Lighting the way forward

The graph shown below was constructed by Keith Morris (aka CumbrianKeith) and represents Hella’s published light intensity output against supply voltage for a typical headlamp bulb. It indicates why a small drop of applied voltage (due to direct switching contacts, bad earths, too thin wire for instance) can result in very poor headlight brightness. Read on to be amazed how poor your light can be! He used a relay and heavy duty wiring to transform his headlights – there are tailor-made relay and wiring kits available from the States (ask on vanagon or syncro forums) but these parts can be acquired in the UK too of course.

From the Tech 2004 message boards, 31-03-2004

Hella Headlight  Output Vs Voltage (small)
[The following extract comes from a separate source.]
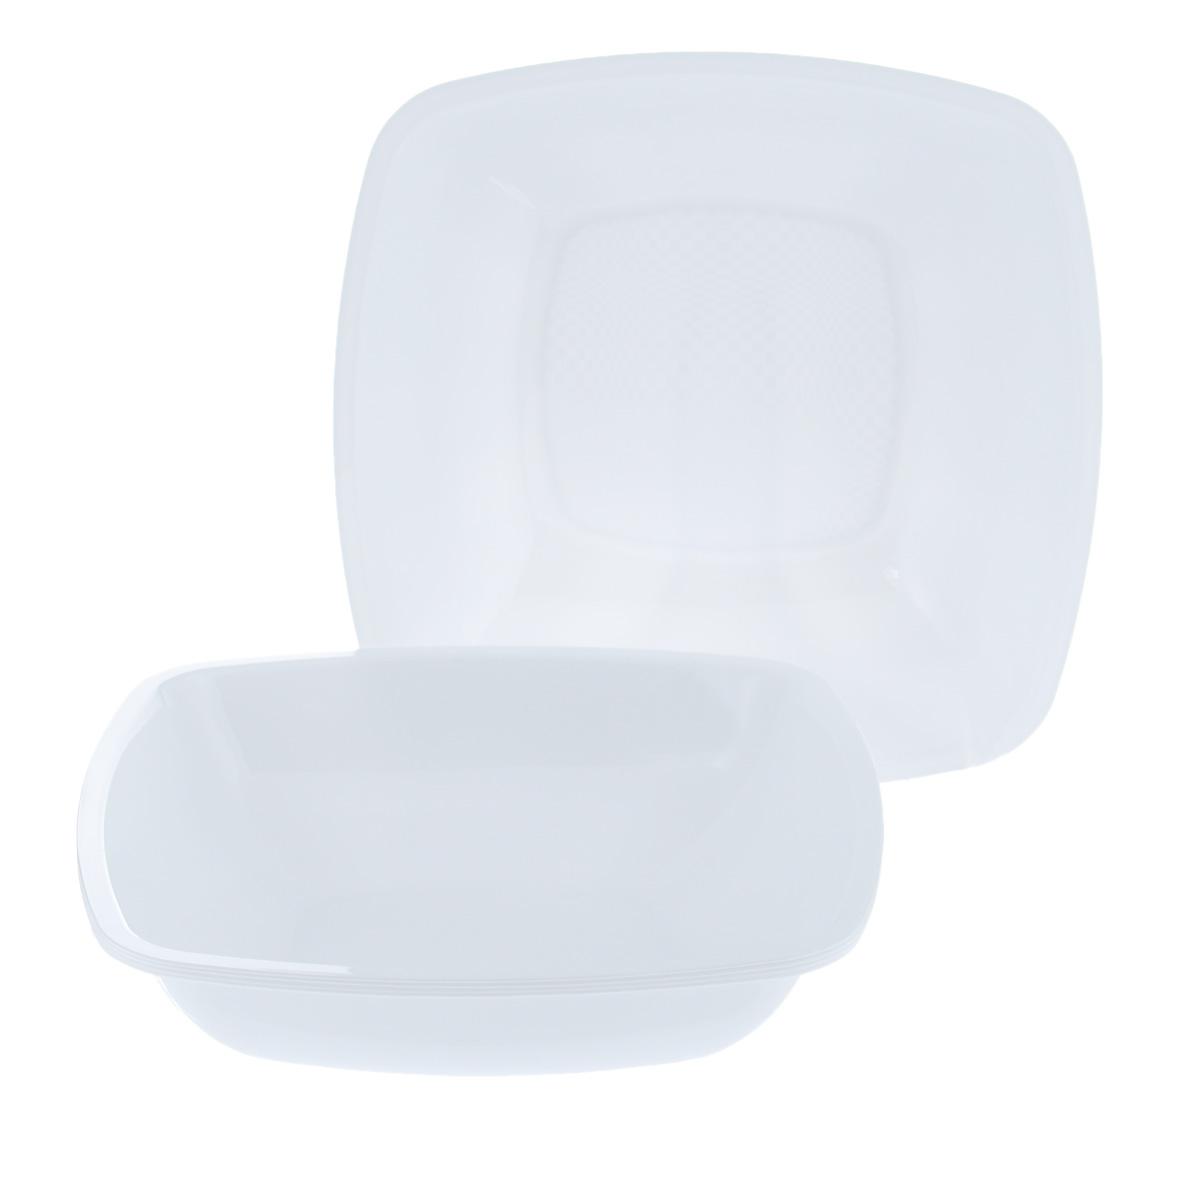 Набор одноразовых глубоких тарелок Buffet, цвет: белый, 18 см х 18 см, 6 штVT-1520(SR)Набор Buffet состоит из 6 глубоких тарелок, выполненных из полипропиленаи предназначенных для одноразового использования. Тарелки подойдут для различных пищевых продуктов. Одноразовые тарелки будут незаменимы при поездках на природу, пикниках и других мероприятиях. Они не займут много места, легки и самое главное - после использования их не надо мыть.Размер тарелки: 18 см х 18 см.Высота тарелки: 4,5 см.

Fitted H4 optics and even with 100/80 w bulbs the lighting level is not great. So I’ve been reading this article ( and do the voltage drop measurements as described to ascertain how the old wiring, terminals and switches have affected the juice flow. I get a total voltage drop in the main beam circuit of 3.4 volts! This equates to allowing through only 75% of the supposed 13.5ish which should be happening. So I plot a graph of the Hella research figures and extrapolate a figure of around 30% light output compared to what it would be if voltage was 100% of the alternator output (which is actually only producing 12.9 with the lights on)
Maybe this is why the lights are poor…
So I get some nice thick (27amp) cable and some relays and wire it all up (and get some 130/90s just for the hell of it – cos I can!) and lo and behold the voltage drop now is only 0.05v and boy are those lights bright!
Only slight problem and this is where my question comes in: the mainbeam tell-tail on the instrument panel now doesn’t work – it flashes extremely momentarily when you put the lights up but doesn’t stay on; and it doesn’t come on at all when you flash the heads without the other lights on. Solution – pick the relay signal feed up off the left-hand headlamp, not the right. The latter doesn’t trigger the tell-tale!